The Nordlys endpoint URL is http://api.nordlys.cc/ .

Entity Retrieval

The service presents a ranked list of entities in response to an entity-bearing query.

Endpoint URI

http://api.nordlys.cc/er

Example

Request:

http://api.nordlys.cc/er?q=total+recall&1st_num_docs=100&model=lm

Response:

{"query": "total recall",}
  "total_hits": 1000",
  "results": {
    "0": {
      "entity": "<dbpedia:Total_Recall_(1990_film)>",
      "score": -10.042525028471253
    },
    "1": {
      "entity": "<dbpedia:Total_Recall_(2012_film)>",
      "score": -10.295316626850521
    },
    ...
}

Parameters

The following table lists the parameters needed in the request URL for entity retrieval.

Parameters
q (required) Search query
1st_num_docs The number of documents that will be re-ranked using a model.
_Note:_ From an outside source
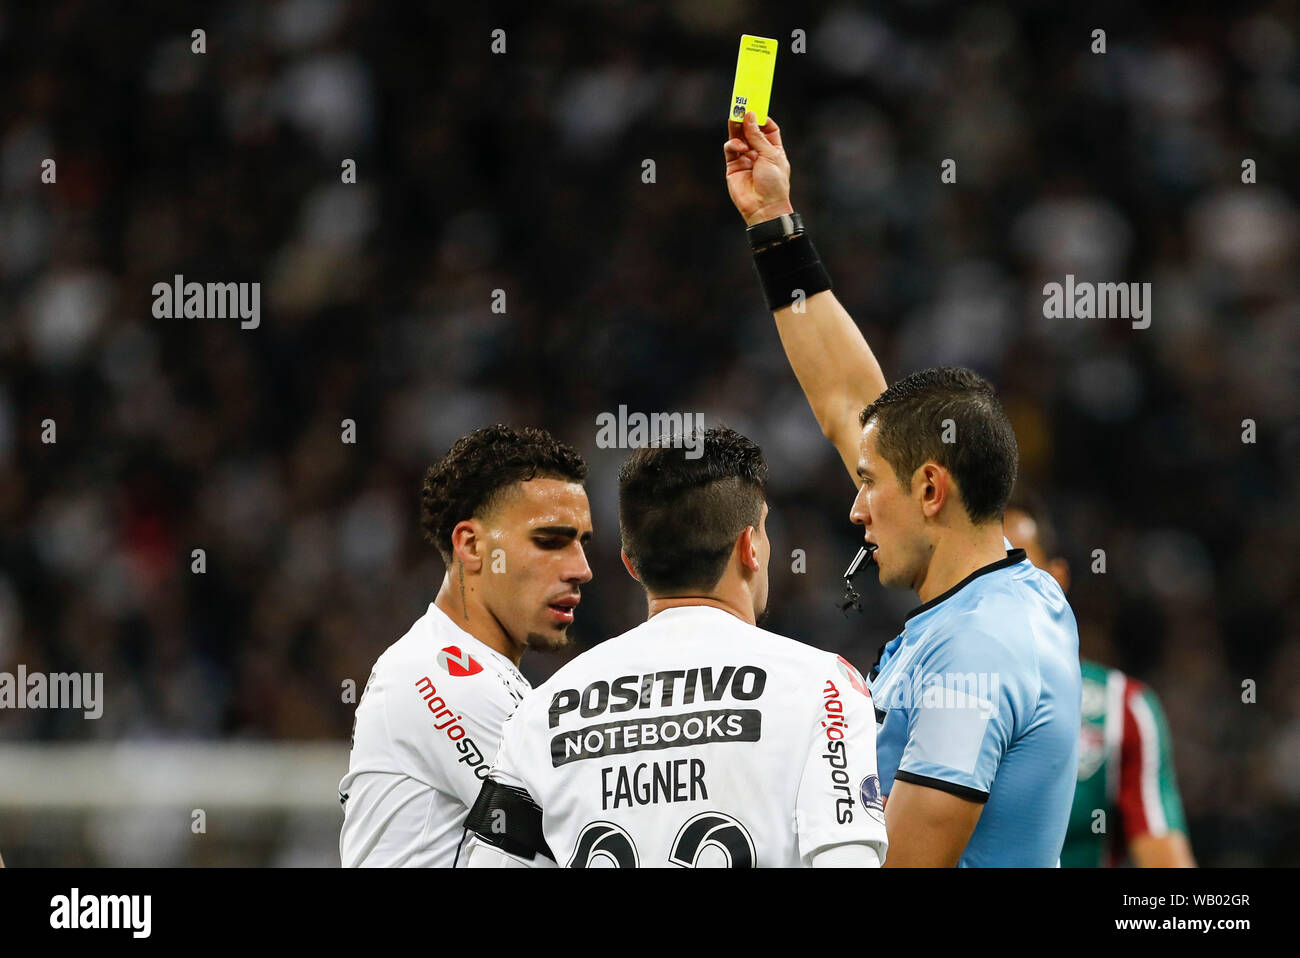 SÃO PAULO, SP - 22.08.2019: CORINTHIANS X FLUMINENSE - Referee Andres Rojas (COL) shows Gabriel a yellow card during a match between Corinthians x Fluminense held at Arena Corinthians, East Zone of Sao Paulo, SP. The match is the first valid for the quarterfinals of the 2019 South American Cup. (Photo: Ricardo Moreira/Fotoarena) Stock Photo

The recommended value (esp. for baseline comparisons) is 1000. Lower values, like 100, are recommended only when efficiency matters (default: 1000).
start Starting offset for ranked documents (default:0).
fields_return Comma-separated list of fields to return for each hit (default: "").
model

Name of the retrieval model; Accepted values: "bm25", "lm", "mlmprms" (default: "lm").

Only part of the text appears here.